:: Task instructions ::
Make an exact transcript of the lines in the data below, starting with the one containing "43,79 - 50,23" and going on through the one containing "Italien Toskana Maremma, auf", with both included and the pictures left out.

:: Dataset extract ::
- Opening Delimiter -
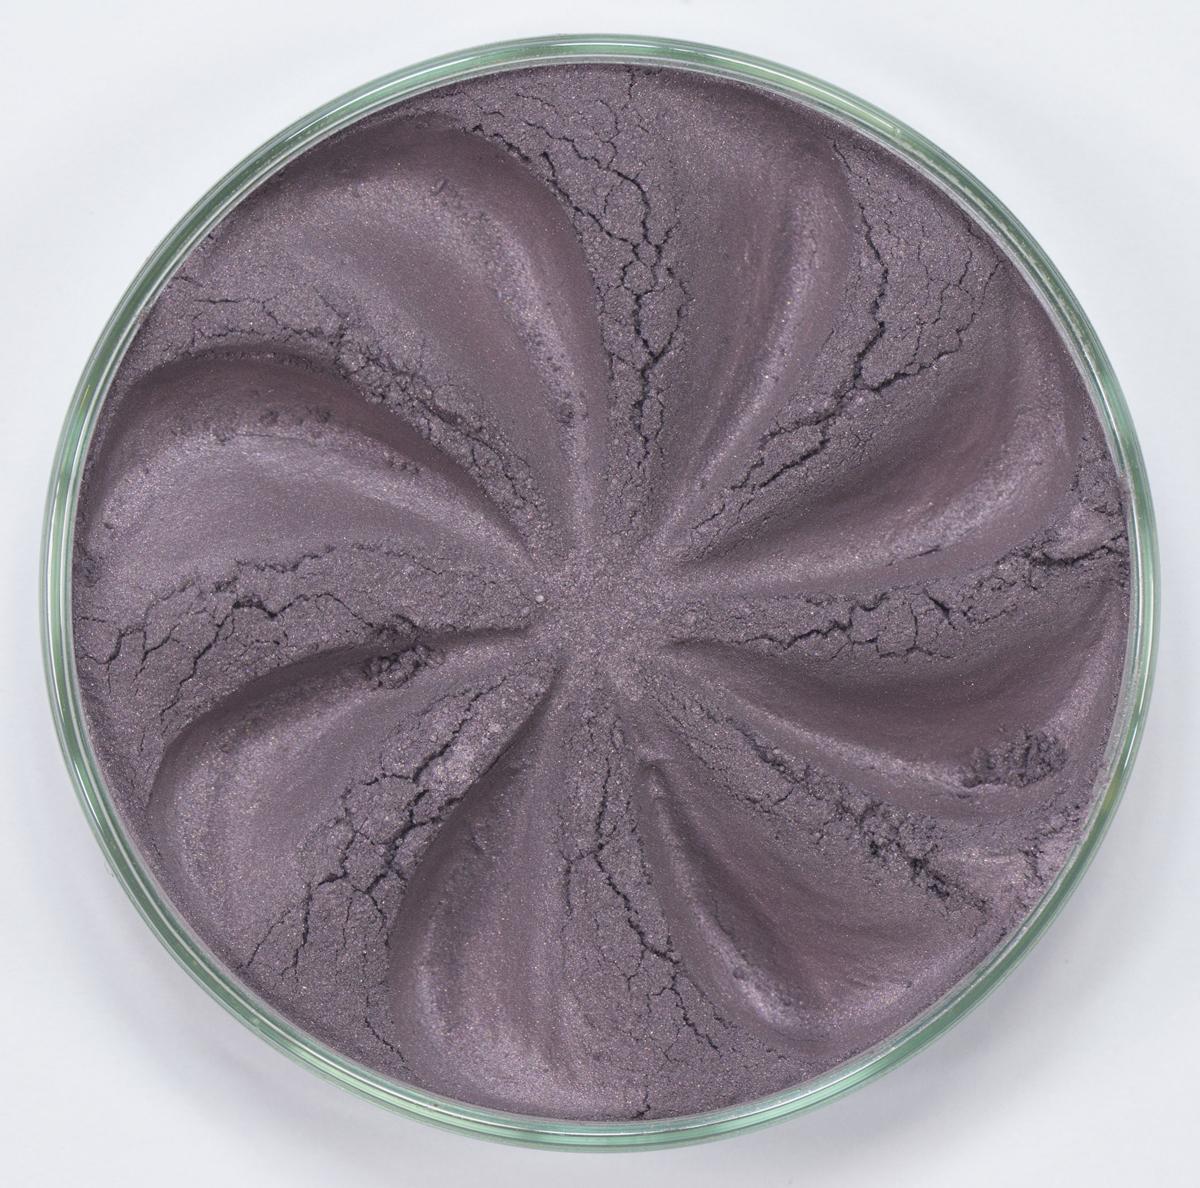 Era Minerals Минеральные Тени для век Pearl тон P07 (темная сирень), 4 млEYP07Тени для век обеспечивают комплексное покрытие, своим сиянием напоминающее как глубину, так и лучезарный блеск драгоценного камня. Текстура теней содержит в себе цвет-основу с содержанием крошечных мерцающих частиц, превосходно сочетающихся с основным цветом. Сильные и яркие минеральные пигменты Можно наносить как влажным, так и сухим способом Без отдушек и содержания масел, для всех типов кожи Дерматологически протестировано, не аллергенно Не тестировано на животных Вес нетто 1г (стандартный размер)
- Closing Delimiter -
- Opening Delimiter -
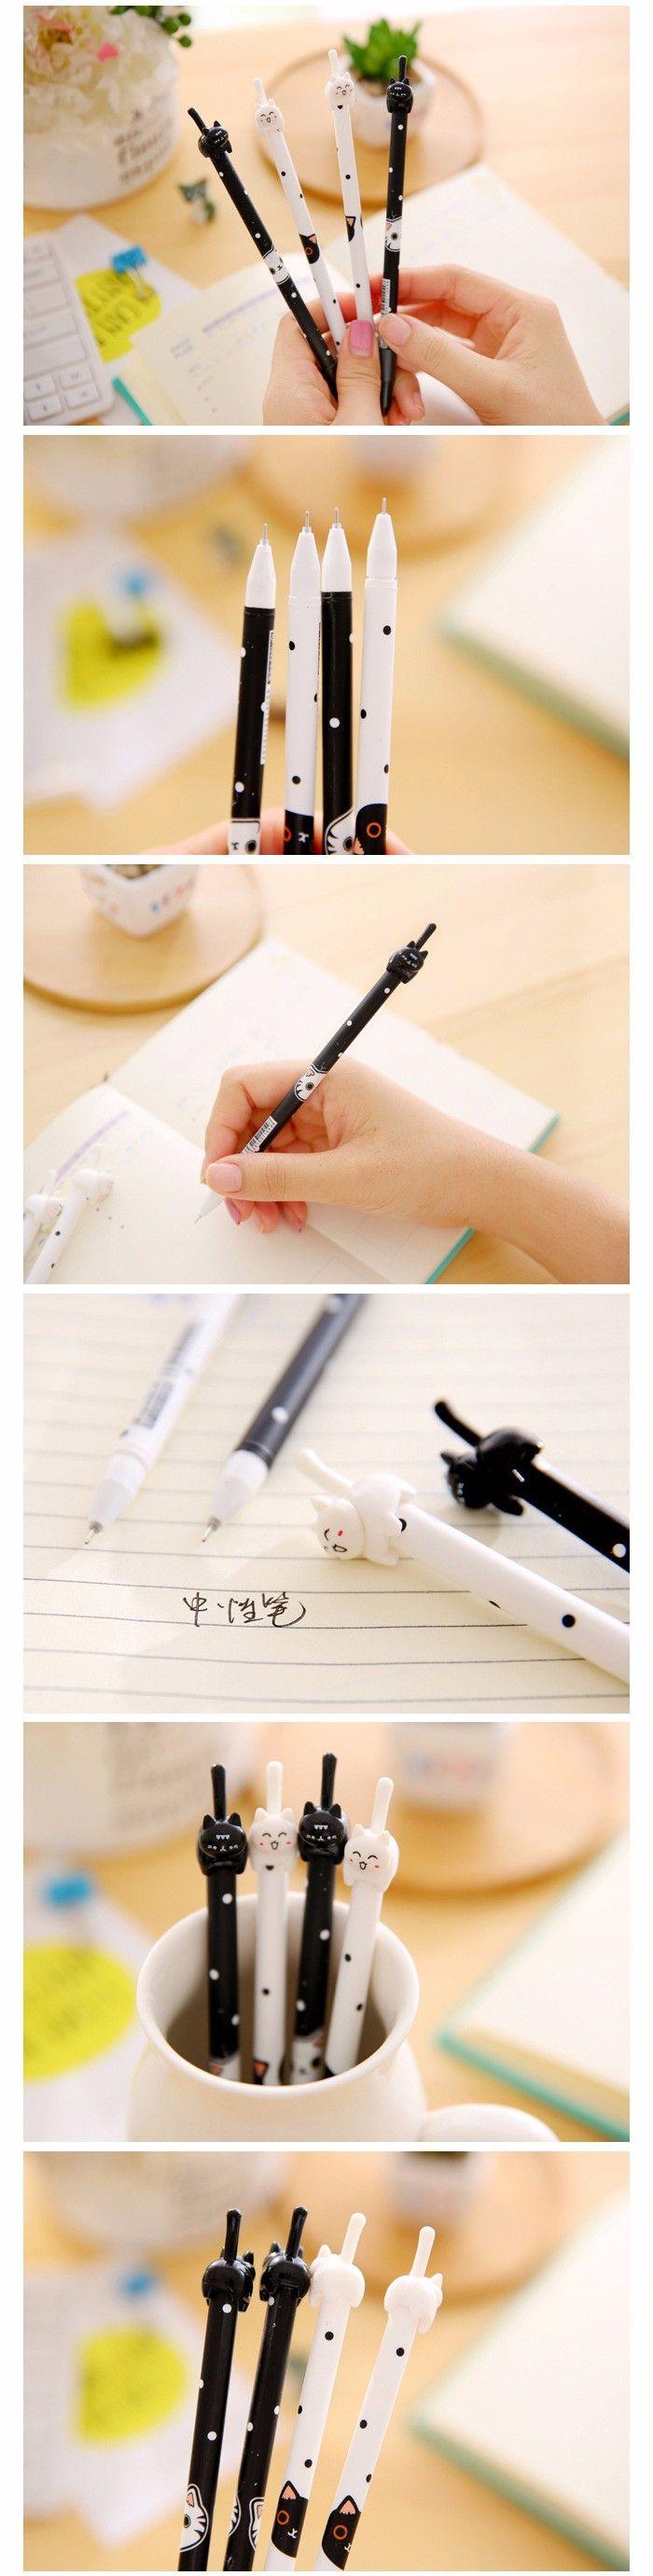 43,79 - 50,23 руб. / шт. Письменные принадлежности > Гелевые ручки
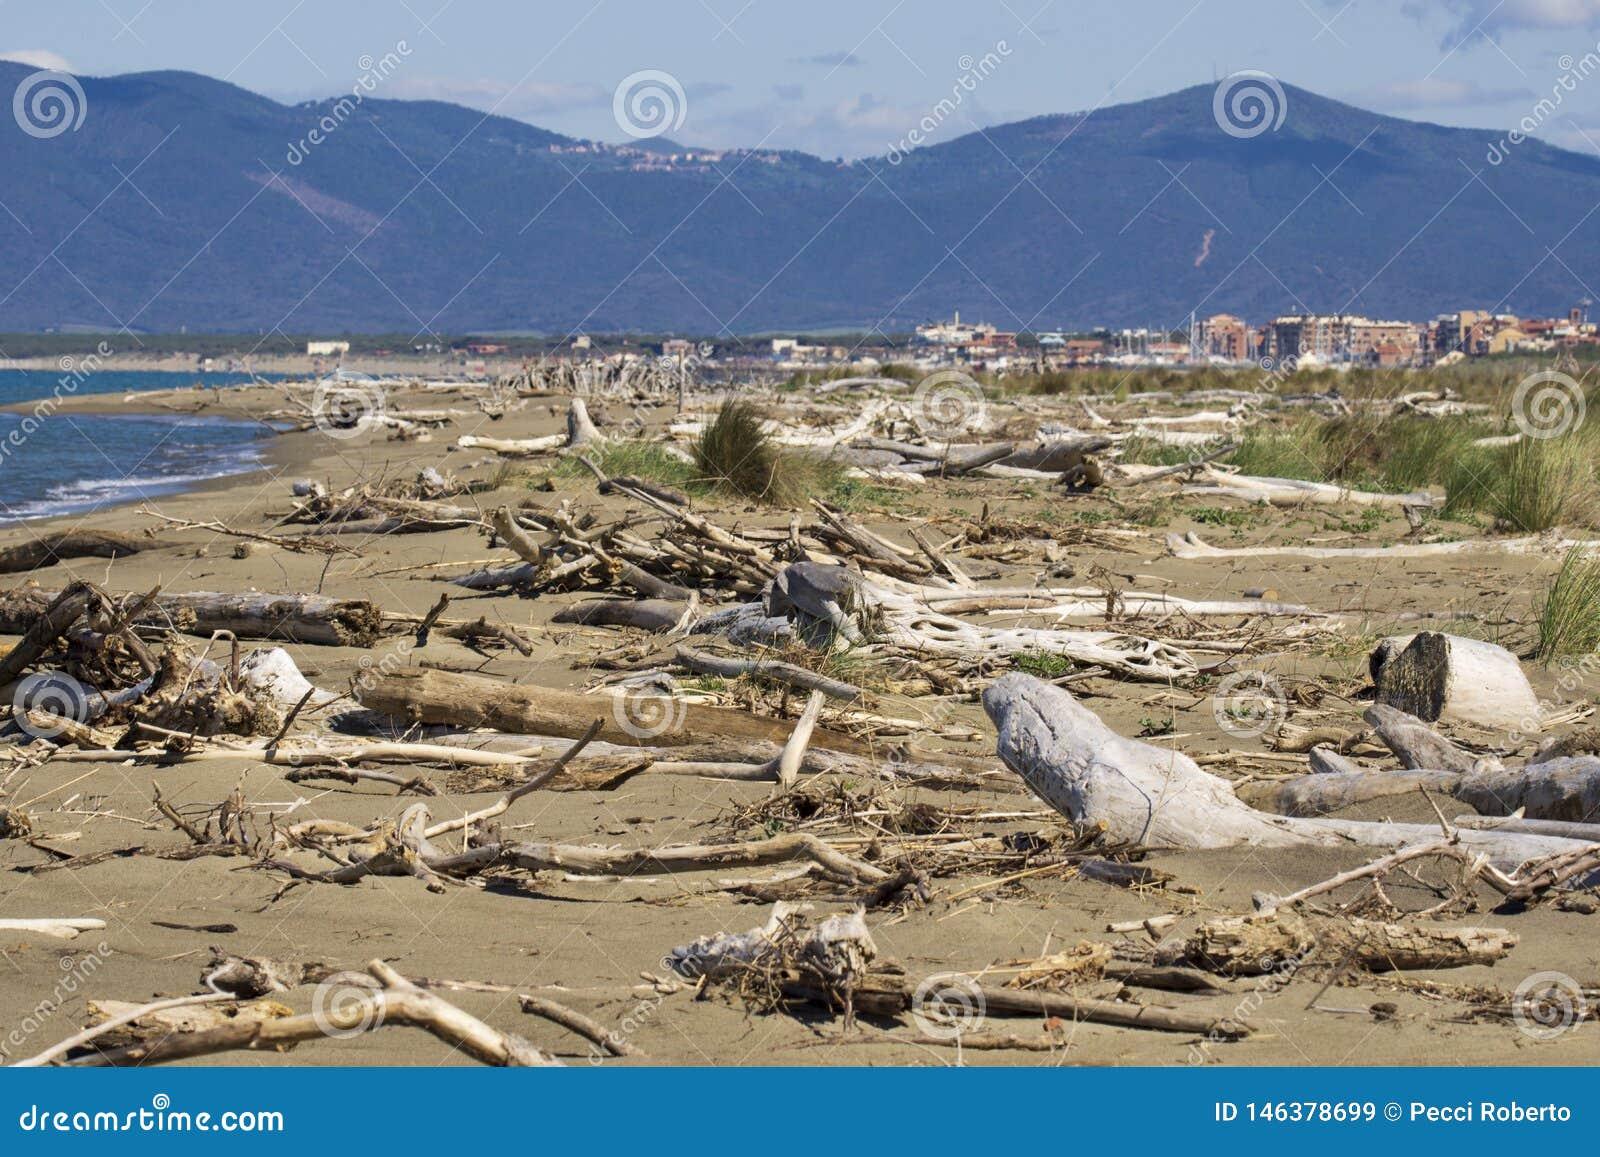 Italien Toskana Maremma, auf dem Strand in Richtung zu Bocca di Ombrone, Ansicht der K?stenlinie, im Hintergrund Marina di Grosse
- Closing Delimiter -
- Opening Delimiter -
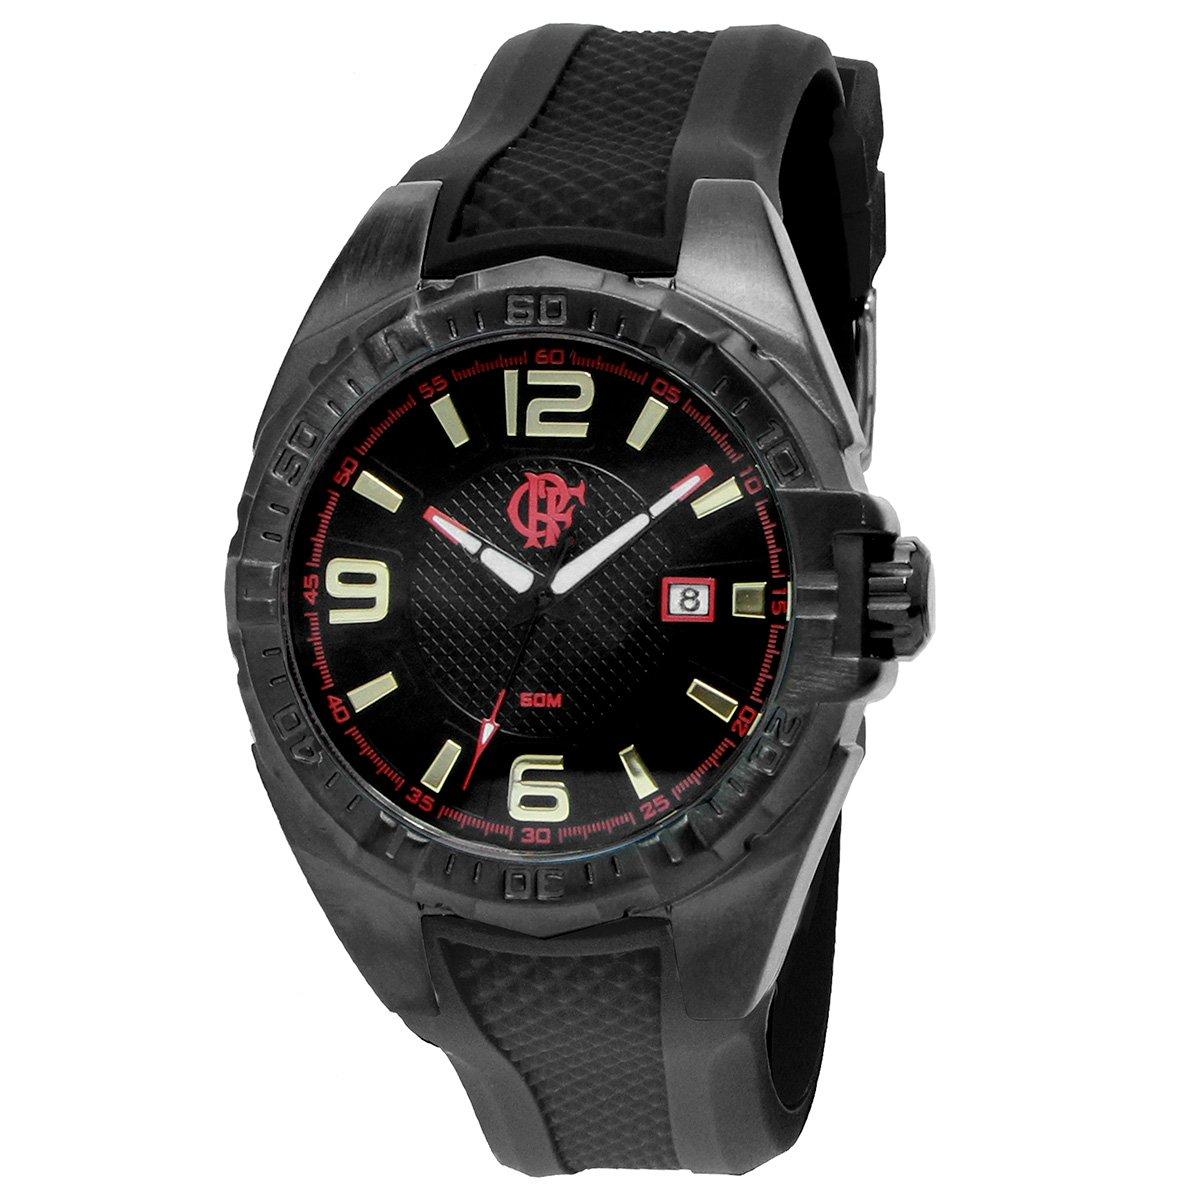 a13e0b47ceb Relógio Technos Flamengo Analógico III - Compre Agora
- Closing Delimiter -
:: Result of this task ::
 43,79 - 50,23 руб. / шт. Письменные принадлежности > Гелевые ручки
 Italien Toskana Maremma, auf dem Strand in Richtung zu Bocca di Ombrone, Ansicht der K?stenlinie, im Hintergrund Marina di Grosse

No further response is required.